Highlights & Insights

  • The problem decomposition is incisive: federated LoRA difficulties are cleanly separated into aggregation bias and initialization staleness as two independent yet jointly necessary challenges.
  • The solution is minimalist and elegant: a single residual matrix with regularization introduces no additional communication or client-side computation.
  • The systematic comparison of initialization strategies (Avg-Initial vs. Re-Initial vs.
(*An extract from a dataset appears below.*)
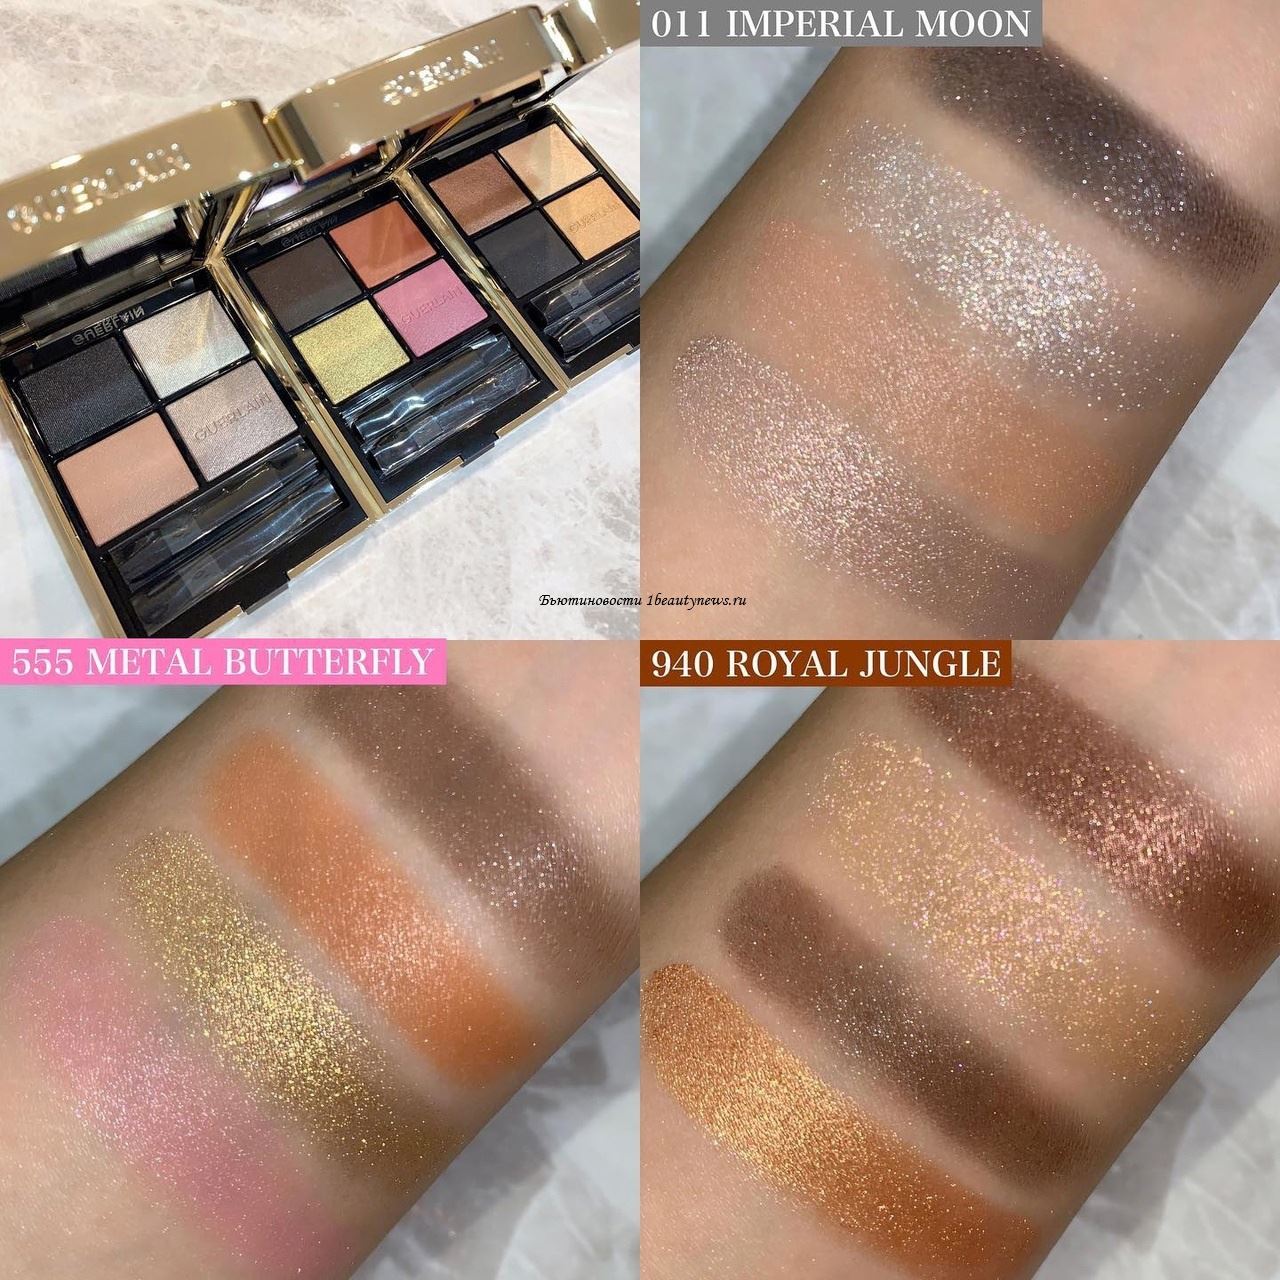 Guerlain Ombres G Eyeshadow Palette 2022 - Swatches
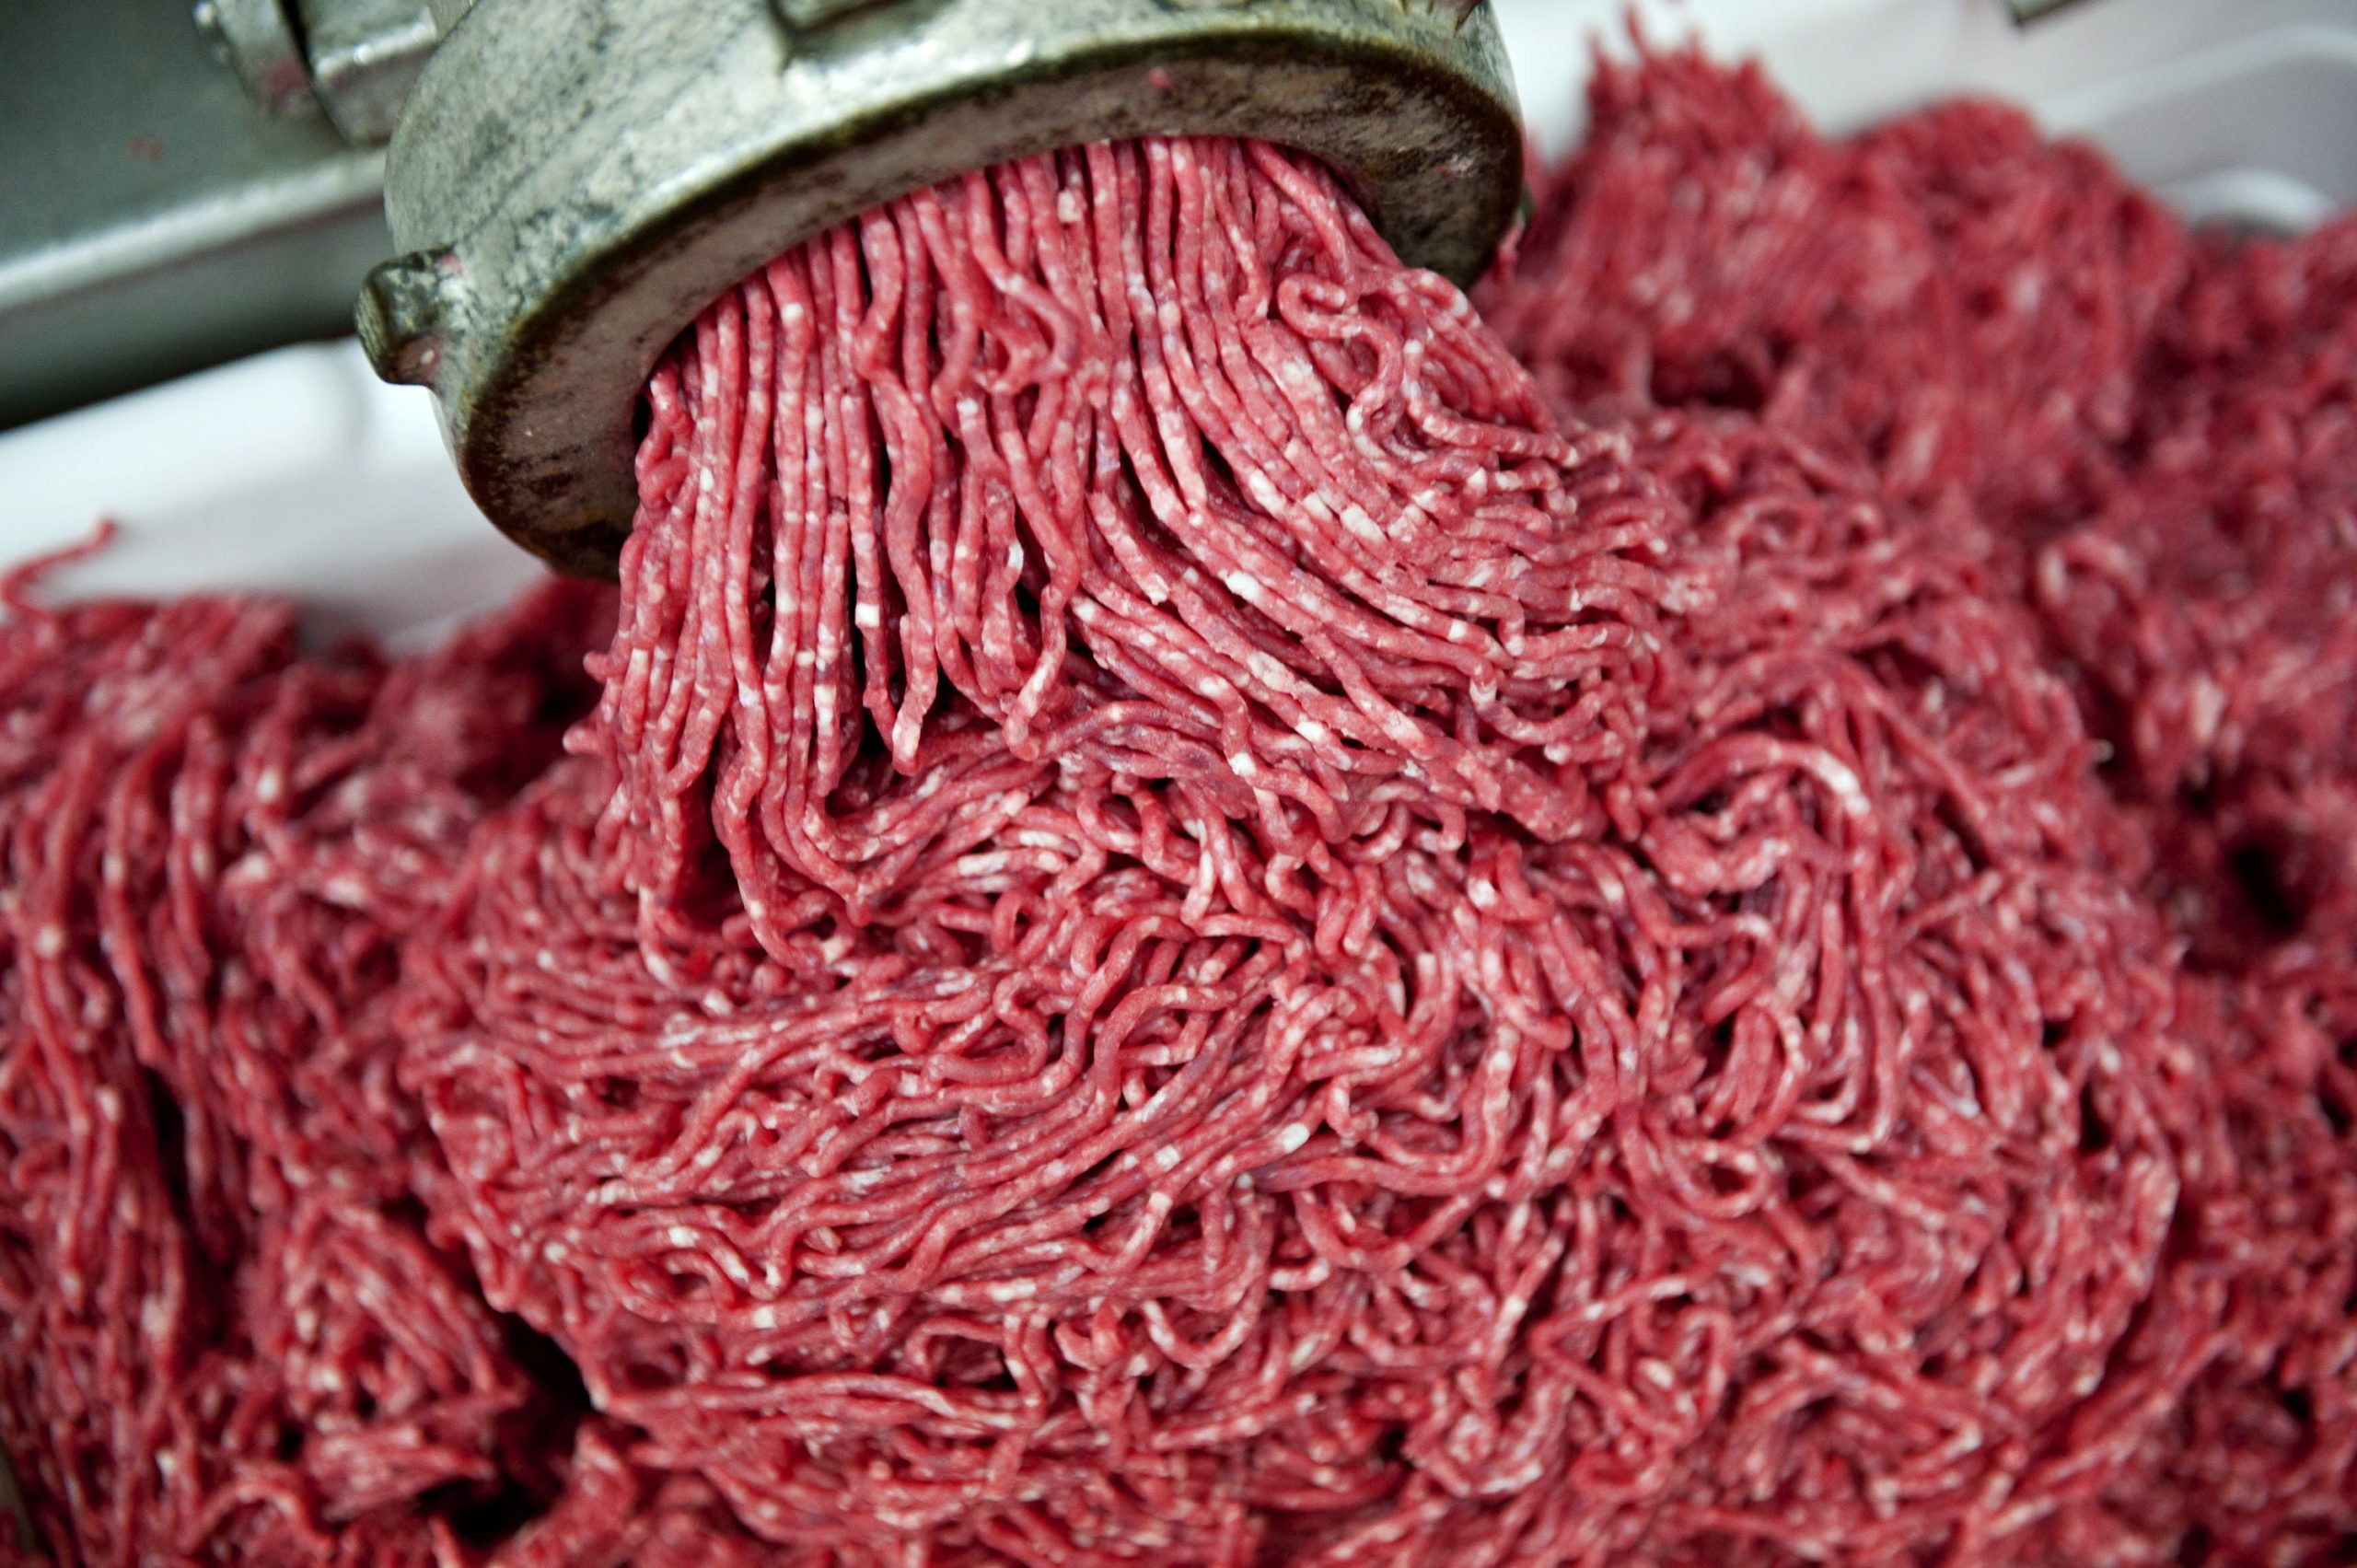 FSIS Issues Public Health Alert for Ground Beef that tested positive for E. Coli O157:H7

Local-Initial) offers practical guidance for the FL community.
  • The dual role of regularization is cleverly designed: a single term \(\lambda\|\Delta\mathbf{B}\|\) simultaneously constrains the correction magnitude to ensure initialization stability and naturally preserves the averaged information.

Limitations & Future Work

  • Computing the ideal global update \(\Delta\mathbf{W} = \sum p_k \mathbf{B}_k \mathbf{A}_k\) requires server-side matrix products over all clients, which may become a bottleneck as the number of clients scales.
  • Validation is limited to vision models (ViT, MLP-Mixer); experiments on larger-scale foundation models such as LLMs are absent.
  • The residual optimization relies on iterative SGD, whose convergence speed and accuracy are sensitive to hyperparameters.
  • All clients are assumed to use the same LoRA rank; extension to heterogeneous-rank scenarios is left for future work.
  • Experiments are restricted to classification tasks; more complex downstream tasks such as generation and detection remain unexplored.
  • FedIT: The earliest attempt to combine LoRA with FedAvg; straightforward but ignores both challenges.
  • FFA-LoRA: Freezes \(\mathbf{A}\) and trains only \(\mathbf{B}\) to avoid aggregation bias, at the cost of halving trainable parameters and limiting performance.
  • FLoRA: Resolves aggregation bias by stacking all clients' LoRA modules, but incurs high communication overhead and suffers from initialization reset.
  • FlexLoRA: Reconstructs the global update via SVD decomposition; reliable performance but higher computational cost.
  • Insights: The residual correction paradigm generalizes to other federated learning scenarios where nonlinear relationships must be handled during the aggregation phase.

Rating

  • Novelty: ⭐⭐⭐⭐ — Clear problem decomposition; the residual correction combined with dual-purpose regularization is concise and effective.
  • Experimental Thoroughness: ⭐⭐⭐⭐ — Two models × two datasets × two non-IID settings with comprehensive ablations; NLP/LLM experiments are lacking.
  • Writing Quality: ⭐⭐⭐⭐ — Problem motivation is rigorously articulated; figures and tables are intuitive; the logical chain is complete.
  • Value: ⭐⭐⭐⭐ — Provides the first unified solution to the two core challenges of federated LoRA fine-tuning, with high practical utility.